ICD本体の交換について(電池消耗による)
- ICDの機種や作動状況等により異なりますが、植え込み後は数年に一度、電池消耗によりICD本体の交換が必要になります。
- 時期は、外来通院時に担当医師が判断してくれます。入院して交換しますが、入院期間は数日から1週間程度と短期間です。
- ICD本体の交換は次のように行います。
- 前胸部のICD上の皮膚を局所麻酔して切開し、ICD本体を取り出します。
- 次に接続されているリード線を本体から外して点検、異常がないかどうか確認します。その後新しいICD本体に接続し、以前と同様にポケットに入れて創部を縫合し終了します。
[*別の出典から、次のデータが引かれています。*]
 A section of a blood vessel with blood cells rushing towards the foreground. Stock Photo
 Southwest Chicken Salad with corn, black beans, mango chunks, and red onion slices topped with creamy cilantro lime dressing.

- 傷は最初のICD植え込み時に入れた際のものと同程度で済みます。
よくあるご質問
ホームモニタリングって何ですか?
- ホームモニタリング機能は比較的新しい機種のICDに備わっていることが多いです。
- 自宅(寝室等)に小型の通信機器を置き電源を入れておくだけで、定期的に患者さんのICD本体と電波で通信し、電池残量や作動状況等のデータが登録された担当医のいる病院へ定期的に送信されます。
- ICDに重大な異常があった場合には、緊急でデータが送信される場合があり、患者さんの状態変化の早期発見につながります。
- 機器の費用はかからず、保険診療として「ホームモニタリング管理料」がかかるのみなのでできるだけ使用をお勧めします。
MRIは撮影できますか?
- 患者さんがMRI撮影を受けるには、大きく分けて3つの条件を満たしている必要があります。
MRI撮影を受けるための条件
- 条件付きMRI対応ICDのカードを持っており、ICD本体およびリードがMRI撮影に対応していること
- 撮影を行う病院がMRI撮影認定施設であること
- ICDのペースメーカー設定が一定の条件を満たすこと
- MRI撮影が必要になった場合は、まずは担当の医師へ相談して下さい。
旅行には行くことができますか?
- 特に問題なく、旅行に行くことができます。
- ただし、航空機に搭乗する前の金属探知機の検査は避け、係員にICD手帳を見せて下さい。
- 自動車に乗る際には、シートベルトがICDに当たってしまわないように、タオル等を当てておくことをお勧めします。
携帯電話は使えますか?
- 使えます。ただし、ICDから15cm以上離して操作、また、ICD挿入側と反対の耳で通話して下さい。
ガイドラインなど追加の情報を手に入れるには?
- 日本循環器学会ホームページ(www.j-circ.or.jp)に「循環器病ガイドラインリシーズ」が掲載されており、その中の「不整脈非薬物治療ガイドライン」にICD治療のことが記載されています。誰でも閲覧することができます。